Sunday, April 29, 2007

Training Opportunity

Today began beautifully. A nice, easy run in 45 degree temps, birds singing, the river full of the rain of the last few days. It promises to be a gorgeous day.

Over the last couple of weeks I have been communicating with a FemDom couple who are married. I will call her Miss D. She originally contacted me to help her train her submissive husband. In the interest of getting to know them, I've had several chats both online with him and over the phone with her. He took things WAY too far and made her angry, so she forbid him to contact me. So far he's complied, but he's been throwing temper tantrums and pouting all week. Without him knowing she has continued to communicate with me through the phone and email.
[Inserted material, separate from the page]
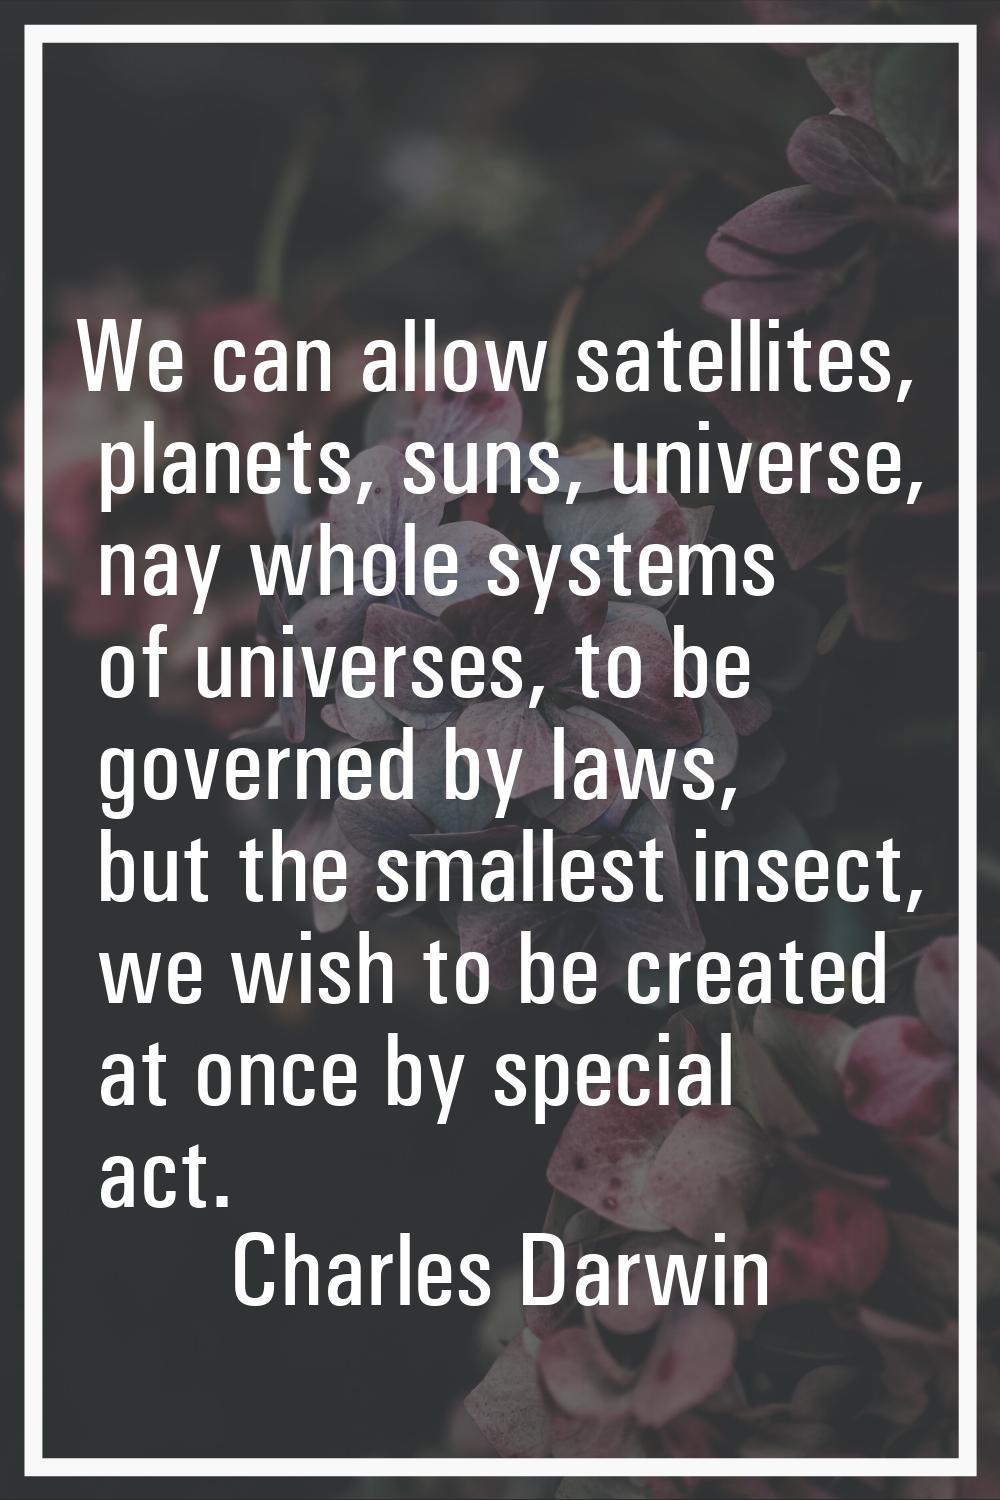 We can allow satellites, planets, suns, universe, nay whole systems of universes, to be governed by

Last night she contacted me to let me know that he'd finally caved in. She whipped him friday night and took away his internet priveledges - and he promptly disobeyed and went online without her permission. This man is the equivalent of an overindulged child. His wife and I will be having lunch together today - without him, and that is just killing him. She fully intends to take the internet cable with her when she leaves the house too. I thought that was delicious!

Miss D and I have discussed having me come and spend the evening with the two of them for the express purpose of taking the cane to her brat of a husband while she taunts him. She knows (and he does as well) that her discipline of him has been tempered by her feelings for him. Since I am objective, I will not be as easy to manipulate. Porter and I discussed the arrangement and he expressed an interest in being present for this scene. I told him I would discuss him with Miss D and see how she felt about it. I asked Porter how he would feel about servicing me in front of this other sub, and possibly servicing the sub's wife as well. He tells me he will do whatever I wish. Which I believe in his noncommittal way of expressing himself means "HOORAY!!" I asked only to guage his reaction, and not because I intend to follow through. We will take everything as it comes. I will not put him in a position that will make him uncomfortable. As a matter of fact, I am considering keeping him away from others until I can read him better or he learns to express himself more freely. The last thing I want to do is truly hurt him, mentally or physically.

Porter and I are meeting tonight, and I hope to have pictures to post by tomorrow evening. He made the mistake last night of telling me "i'll do whatever you wish of me". When I told him to be careful what he wished for, he replied "try me".

He wil learn quickly not to challenge me.